#### Information shown:
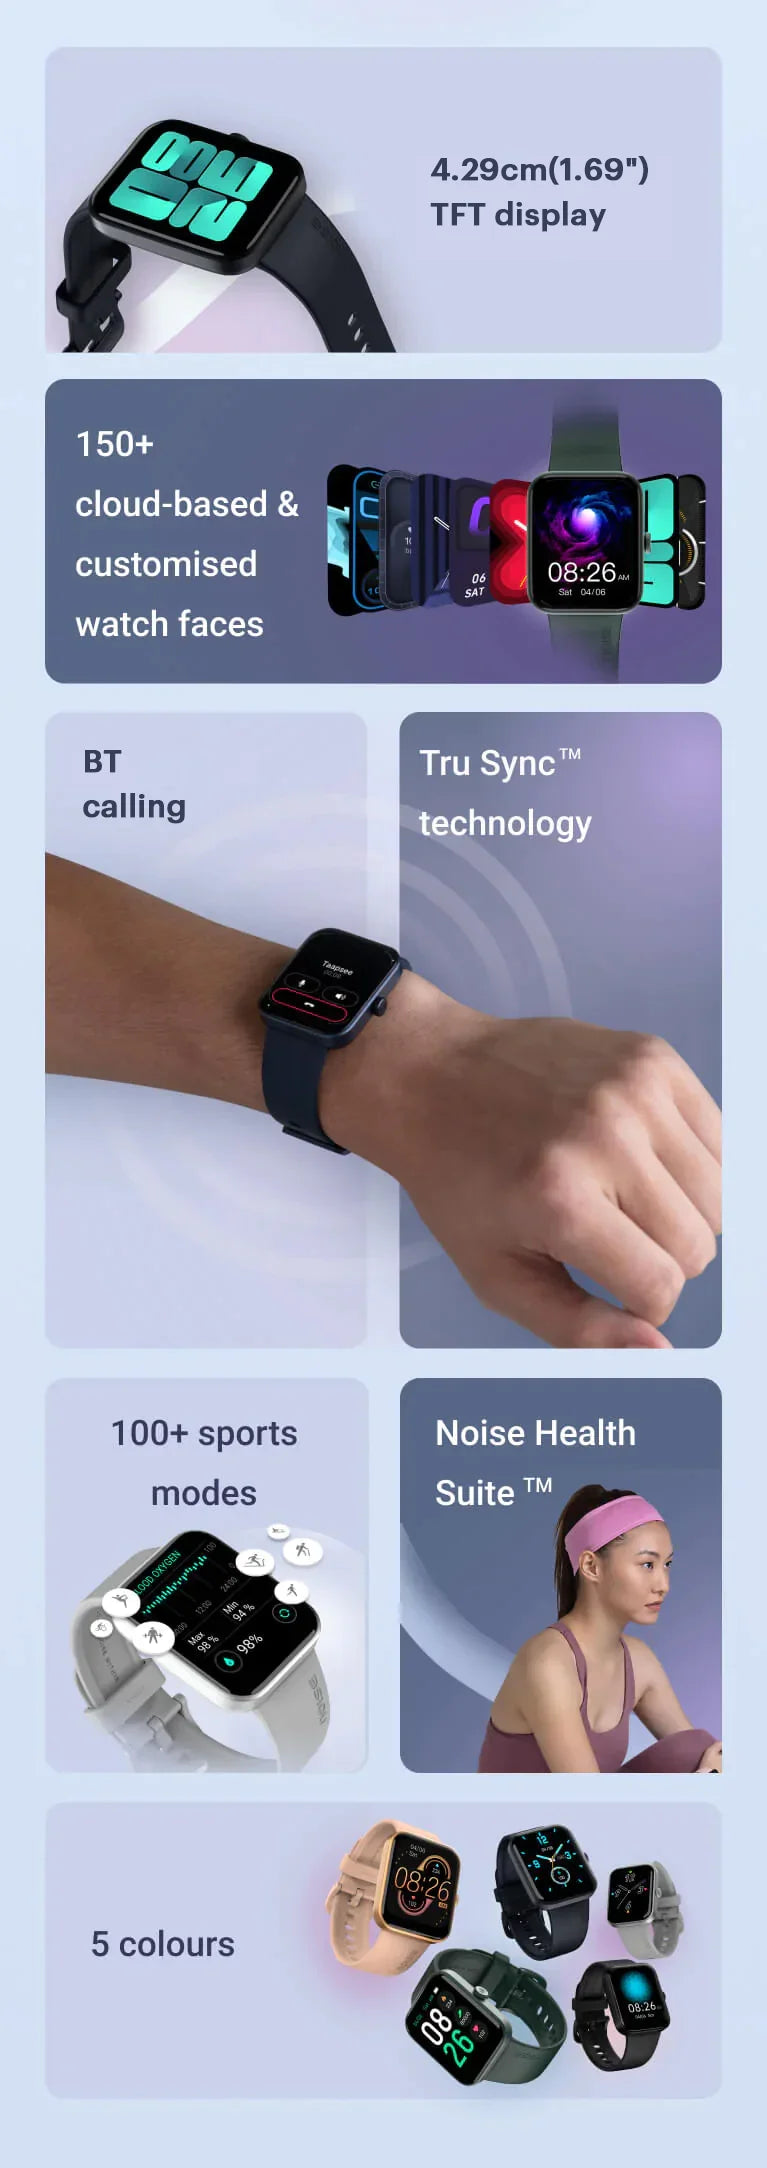 Noise ColorFit Pulse Go Buzz Smartwatch with BT Calling, 1.69
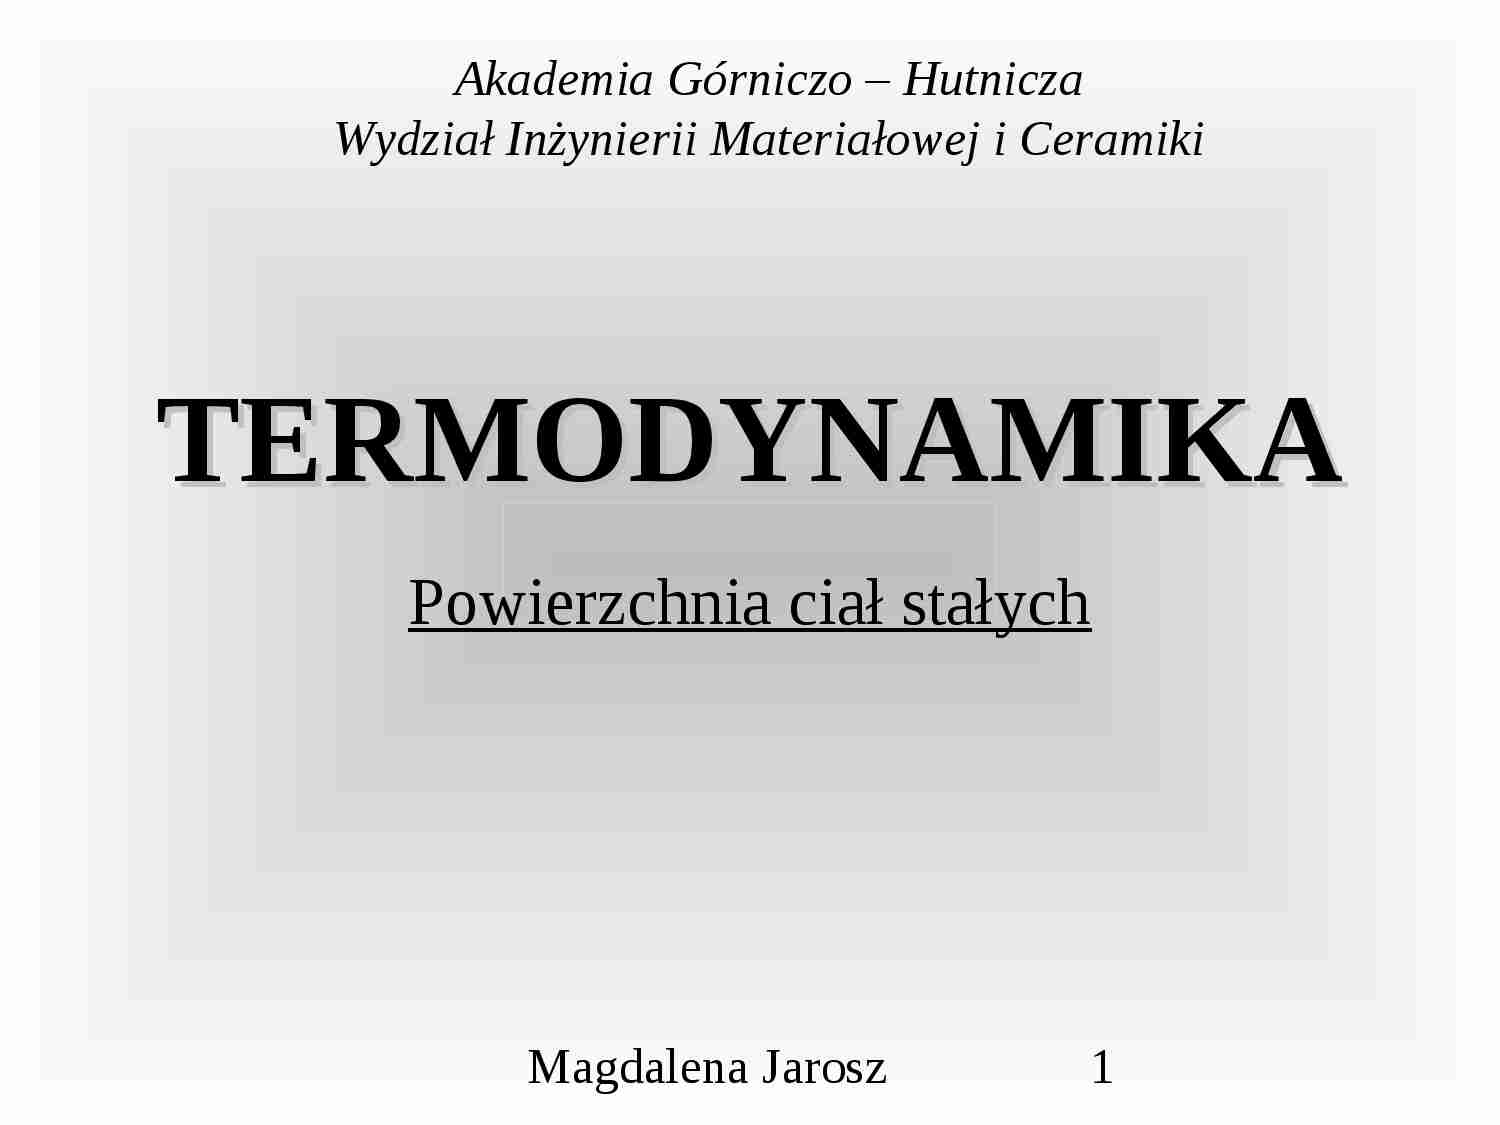 Termodynamika - prezentacja - strona 1
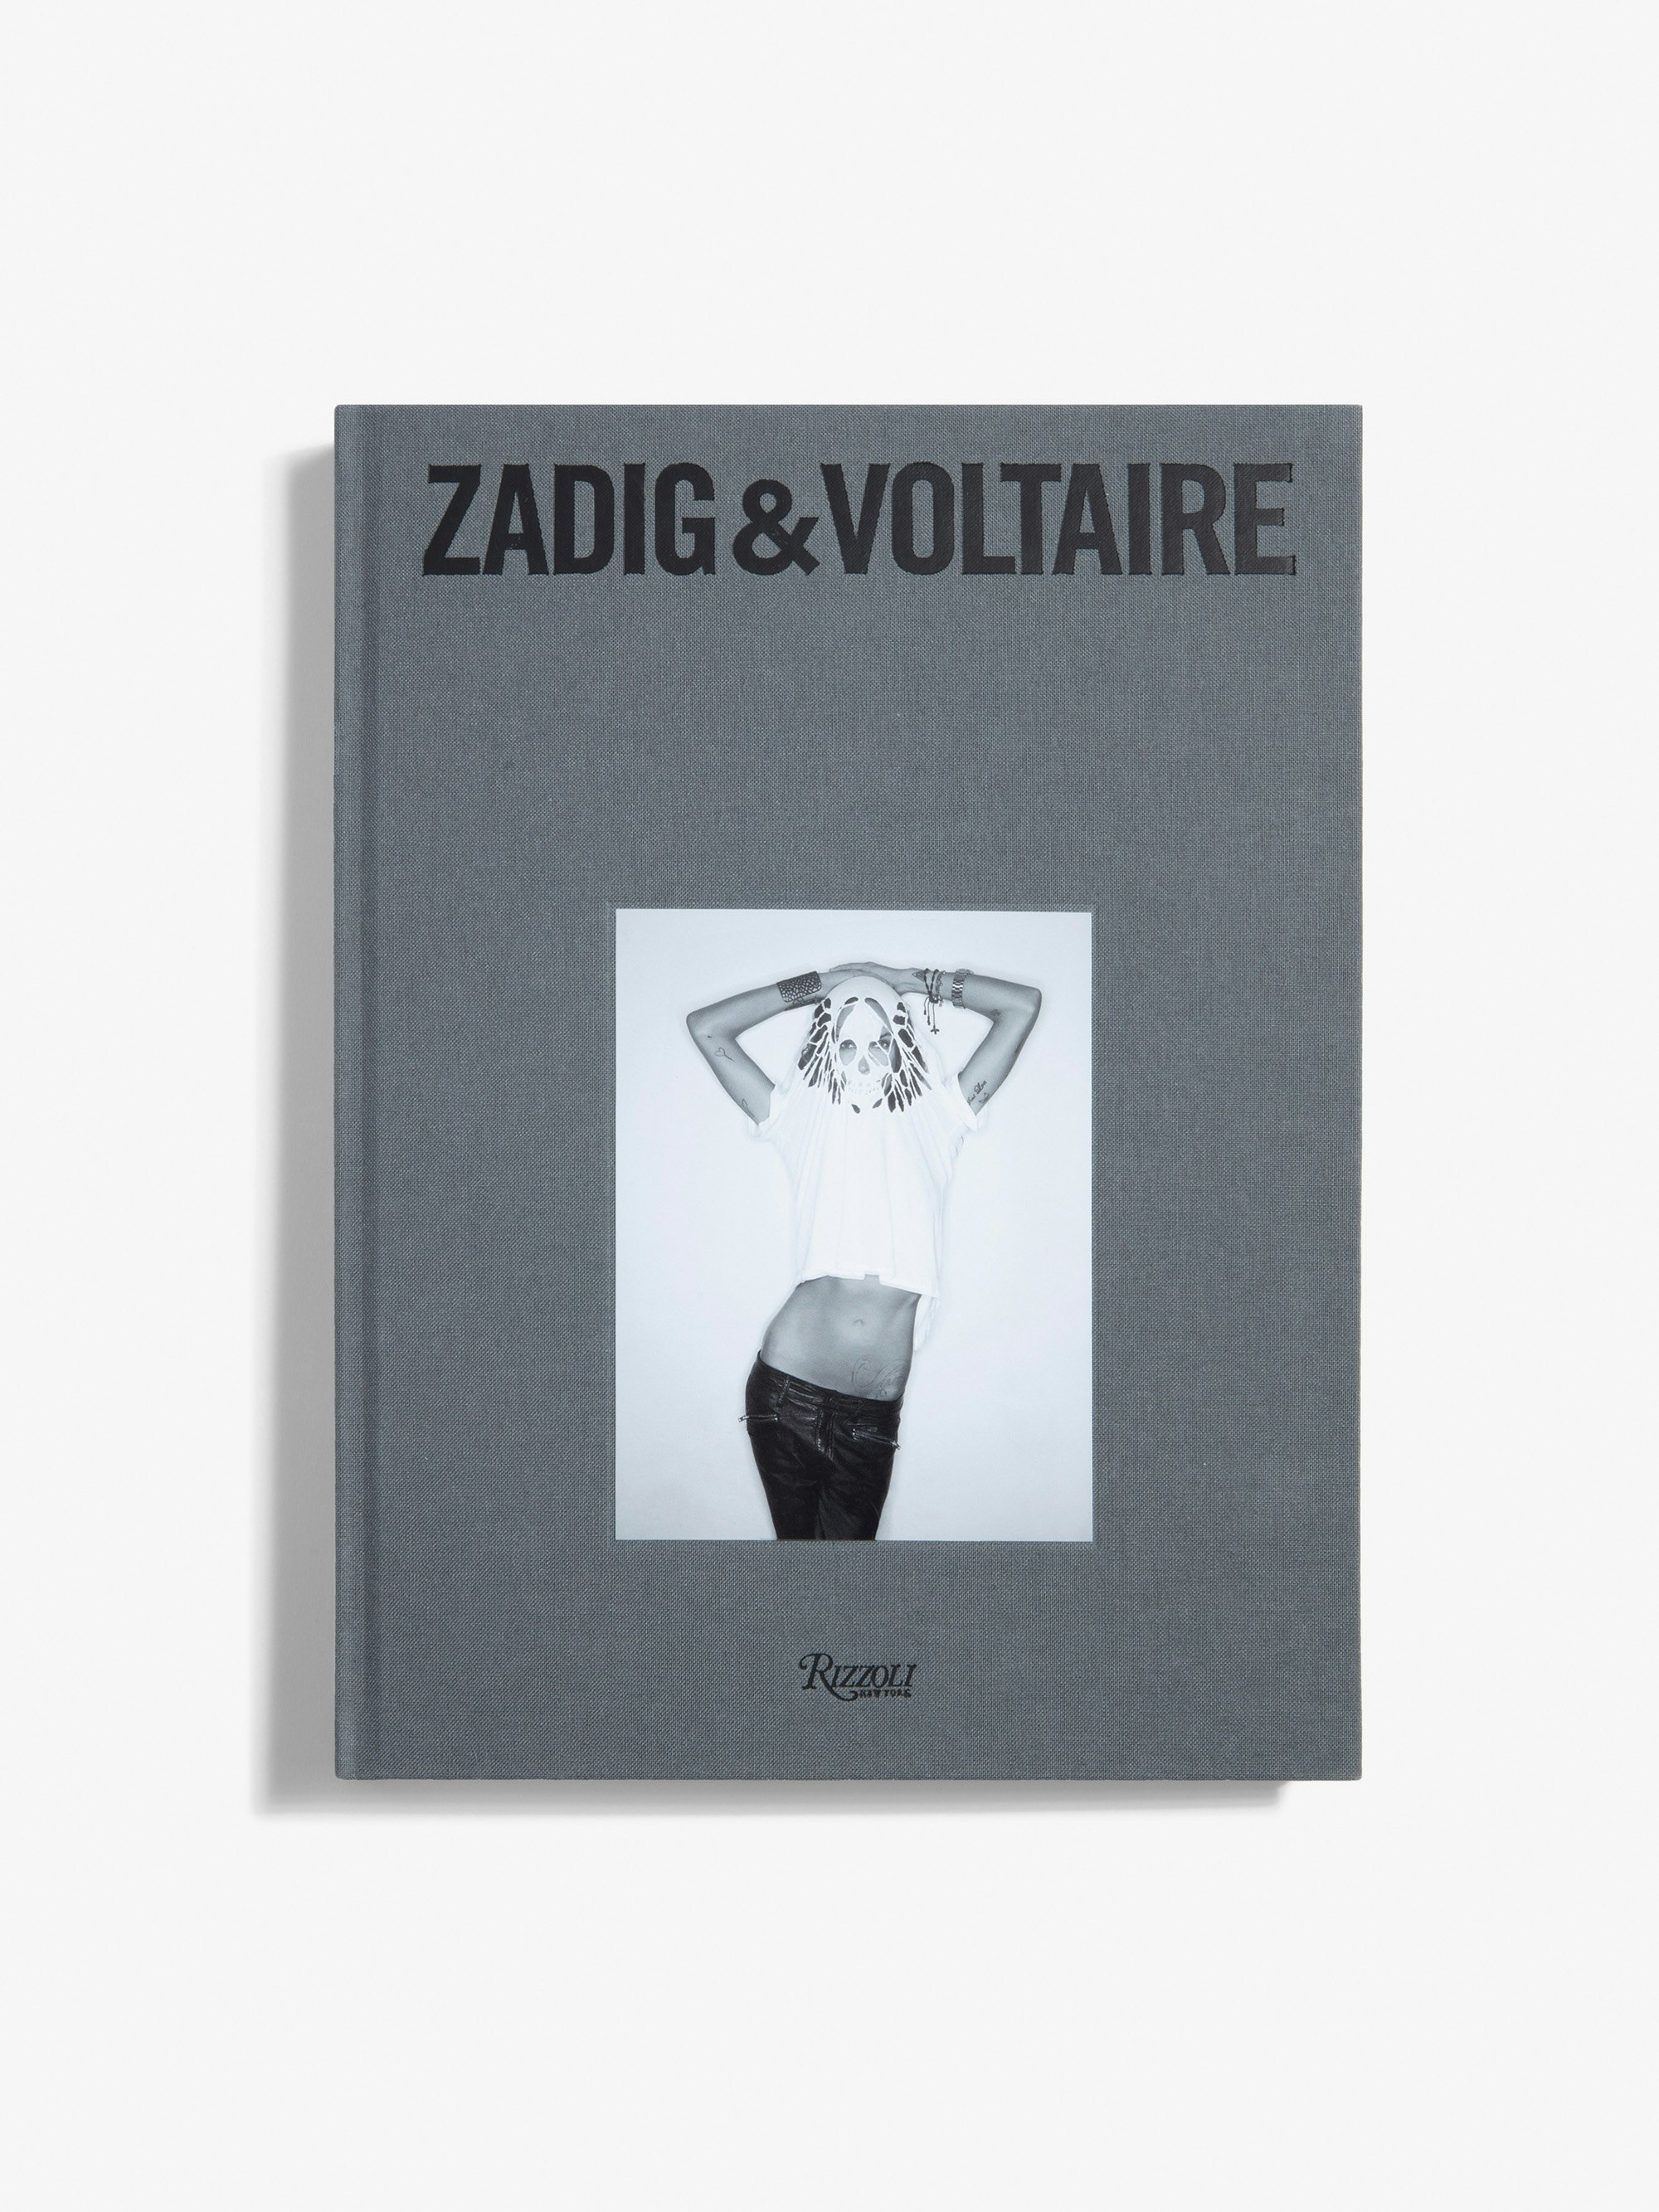 Libro "Zadig&Voltaire: Established 1997 in Paris" - Versione Francese - La prima monografia sul marchio Zadig&Voltaire pubblicata in occasione del suo 25° anniversario - Versione francese.

#### Task prompt:
Every line in the data above needs to be given again exactly, pictures aside.

#### Output of the task:
 Noise ColorFit Pulse Go Buzz Smartwatch with BT Calling, 1.69
 Termodynamika - prezentacja - strona 1
 Libro "Zadig&Voltaire: Established 1997 in Paris" - Versione Francese - La prima monografia sul marchio Zadig&Voltaire pubblicata in occasione del suo 25° anniversario - Versione francese.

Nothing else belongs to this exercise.